Type legent launch --scene 0 in the terminal is enough for launching the default scene. A window will pop up which displays the scene inside a two-story villa.

You can use W, A, S, D to walk around the house, and use the mouse to adjust the perspective. You can click on the small objects around you to pick them up. If the object is out of reach, this will not take effect. You can put the object in your hand into a designated place by clicking on the place. Use I, K , J, L , U, O to adjust the pose the held object. You can also click on doors and drawers to open or close them.

There is a robot agent in the room. In the default settings, it is not intelligent and can only perform actions based on rules. For example, you can press Enter to open the chatbox, and send goto_user() to let the robot come to you.

You can press V to change the perspective of the user/robot/god. (You can try switching to the robot view and then type goto_user() :)
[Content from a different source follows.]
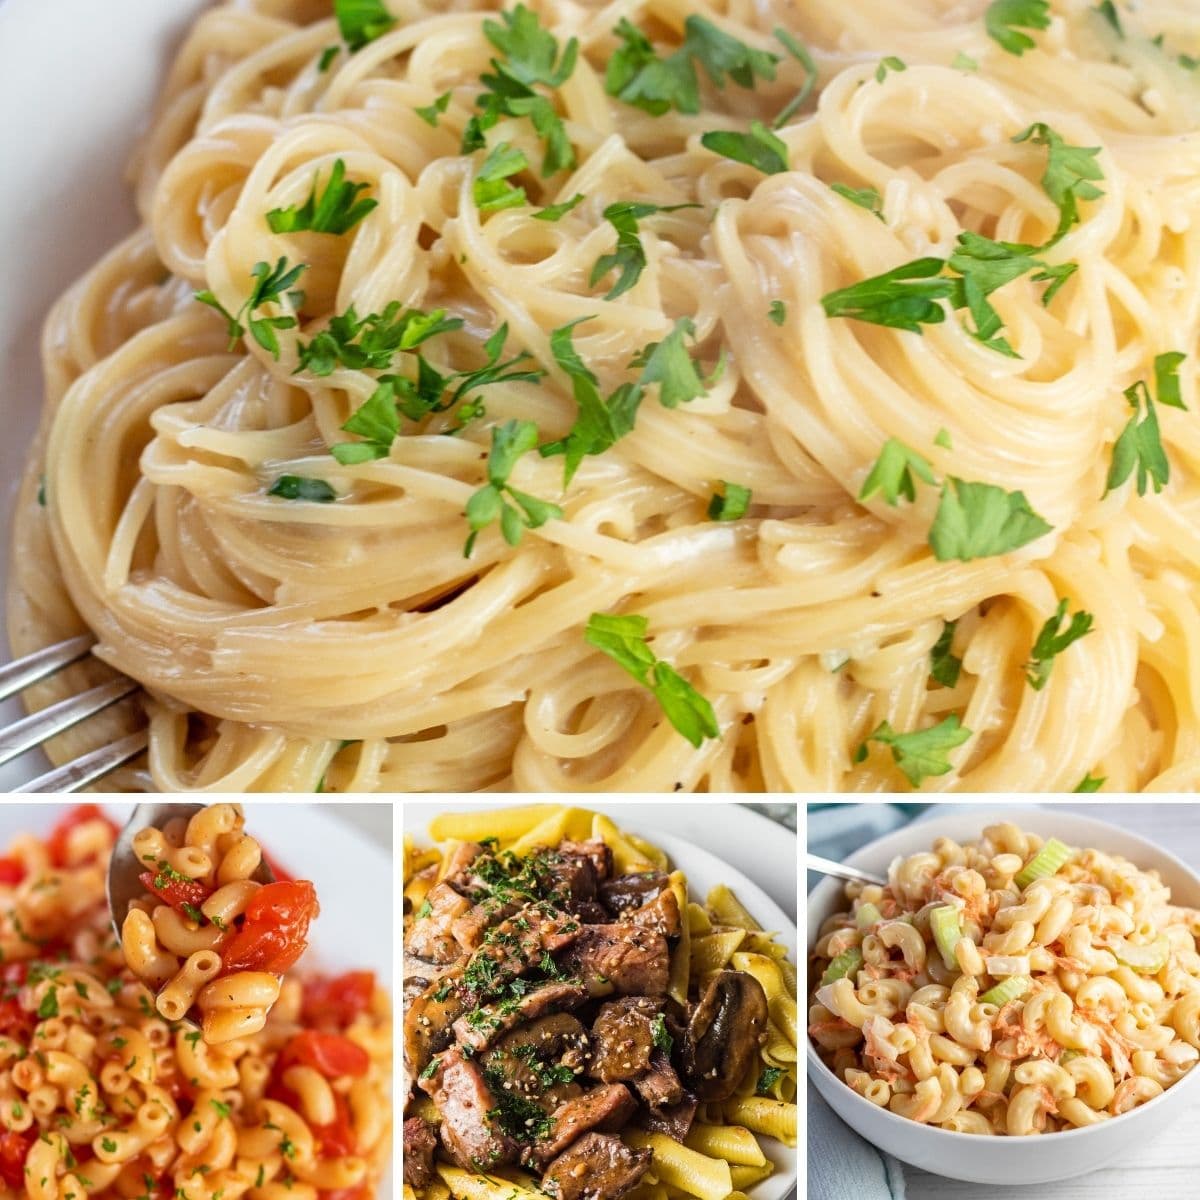 Bedste pastaopskrifter collagebillede med 4 velsmagende retter.

The first-person/third-person views can be switched using C. The third-person view is currently only supported for the user perspective.

b. Randomizing and Saving Scenes

LEGENT's environment is highly customizable and allows for the large-scale random generation of scenes.

To switch to a randomly generated scene:

Terminate the original scene and relaunch using legent launch.
Press the Enter key to open the chatbox where you can type #RESET to initiate another new scene.

If the generated scene meets your expectations, send #SAVE in the chatbox. The scene will be saved as a JSON file in the .legent/saved_scenes folder.

For initiating a specific scene, use legent launch --scene <scene-file-path or built-in-scene-id>. All the built-in scenes are listed here.

III. Interaction with Your Language Commands

Press Enter to open the chatbox, where you can execute various commands.

a. Built-in Functions

Some built-in function are provided to control the robot.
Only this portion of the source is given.